La actuación de Ichikawa es menos contenida y menos estilizada que la de Nakadai, pero mucho más visceral y energética, y aunque Miike sí incluye una pequeña elisión de la lucha cuando la corta a un plano de Yakusho que intenta recluirse en sus aposentos, el tratamiento de la contienda es completamente diferente. Con un mayor trabajo de montaje en el caso de Miike y mucho más frontal en el caso de Kobayashi. La música de Sakamoto tiene un matiz incluso más dramático que la de Takemitsu. Todo fruto de la misma idea: corresponder o no conscientemente y críticamente a nuestras expectativas. Sin embargo, huelga decir que Miike no nos emborracha con hiperviolencia por ausencia de intención política. Es cierto que él corresponde a la curiosidad de la audiencia pero su elección no podía ser otra, dada su siempre presente ataque al consumo hipócrita de violencia. A su manera, enaltece el honor del guerrero cambiando la espada de Tsugumo por una de bambú y premia su gesto, devolviéndole a la primavera que había vivido esperando y en el que quería vivir eternamente gracias a un flashback al día en que nació su nieto. La intensidad de la queja de este Tsugumo no podrá borrarla tan fácilmente por mucho que el clan pula su orgullosa armadura.

Bibliografía:
Contreras, Cynthia (1994). «Kobayashi’s Widescreen Aesthetic», en Cinematic Landscapes: Observations on the Visual Arts and Cinema of China and Japan, ed.

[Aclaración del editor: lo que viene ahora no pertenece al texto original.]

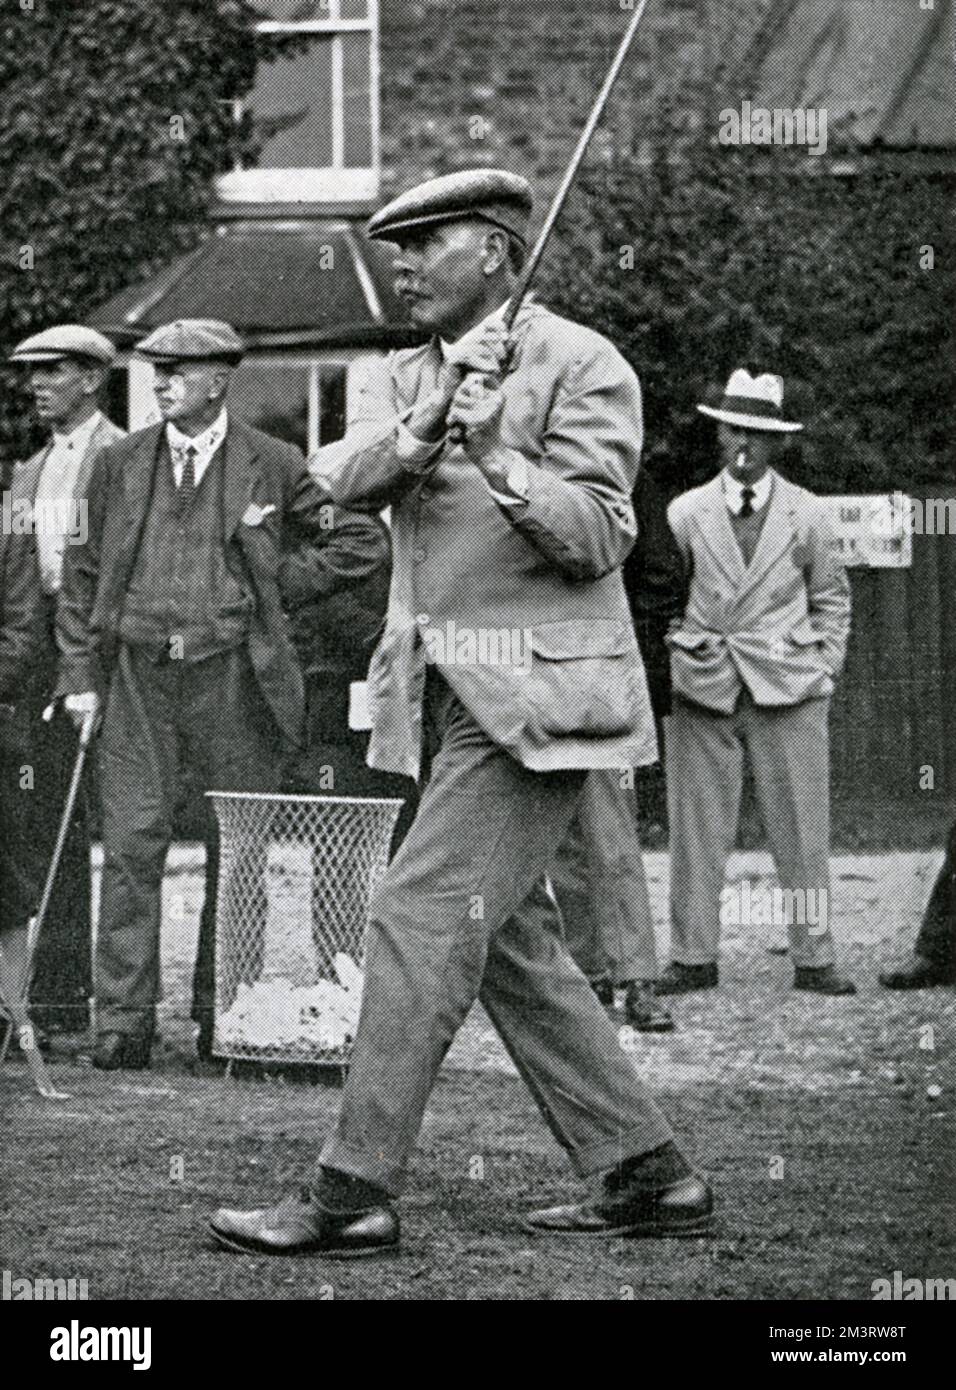 Le golfeur James Braid de Walton Heath Golf Club en action, dans le cadre d'un article "joueurs qui ont fait l'histoire du golf" 1934 Banque D'Images
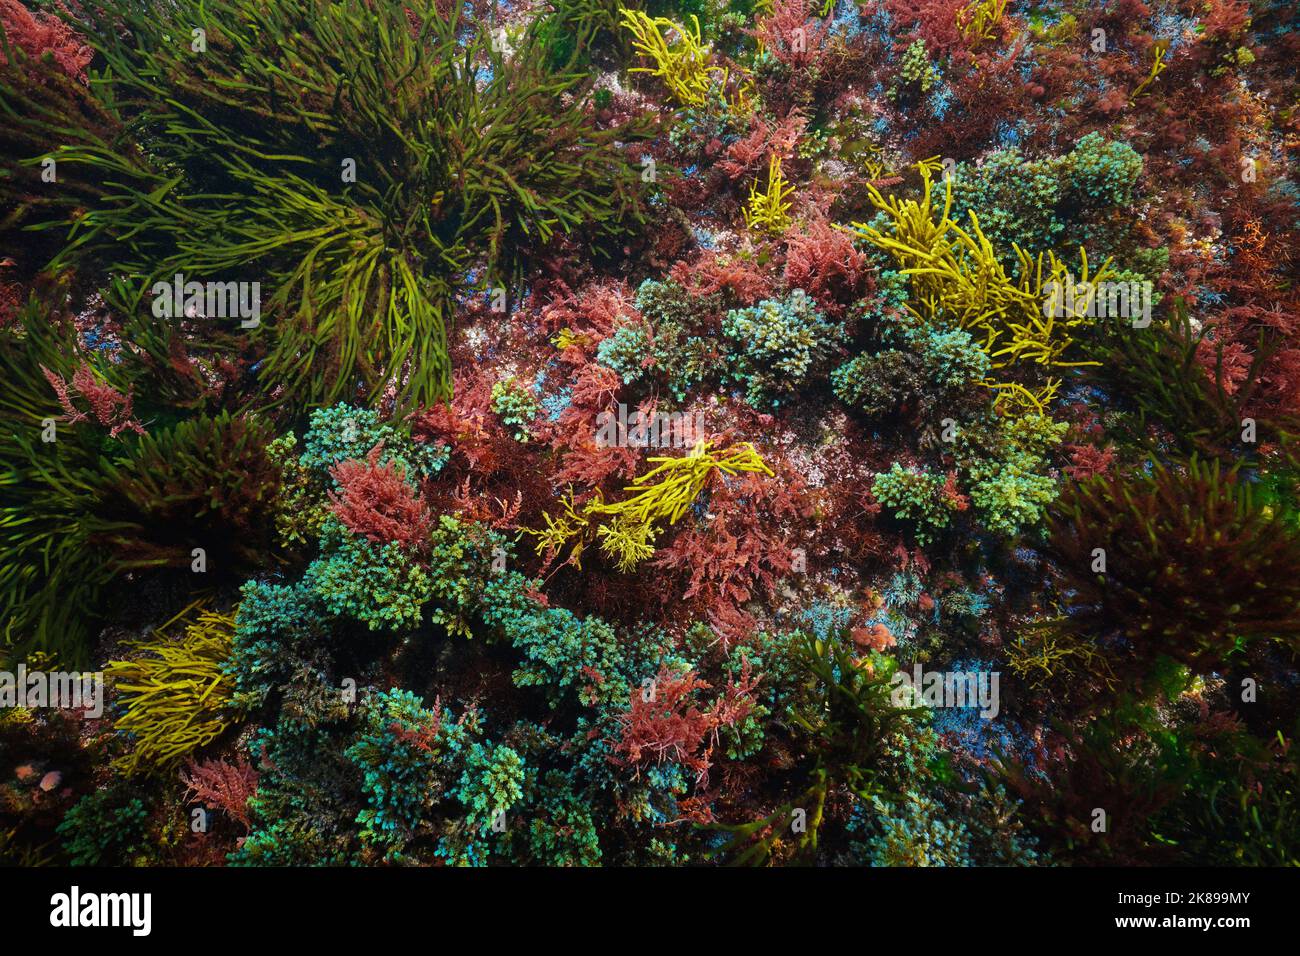 Farbenprächtiger Meeresboden mit verschiedenen Algen von oben gesehen, natürliche Unterwasserszene, Atlantischer Ozean, Spanien, Galicien Stockfoto

Linda C. Ehrlich and David Desser Austin, Texas: University of Texas Press, pp- 241-261.
Rutheford, Anne (2010). «Volatile Space, Takemitsu and the Material Contagions of Harakiri». En Screening the Past, 1 de mayo < http://www.screeningthepast.com/2015/01/volatile-space-takemitsu-and-the-material-contagions-of%C2%A0harakiri/>. [Consulta: 12 de julio de 2016].

Redacción: Sabrina Vaquerizo (@svaquerizo)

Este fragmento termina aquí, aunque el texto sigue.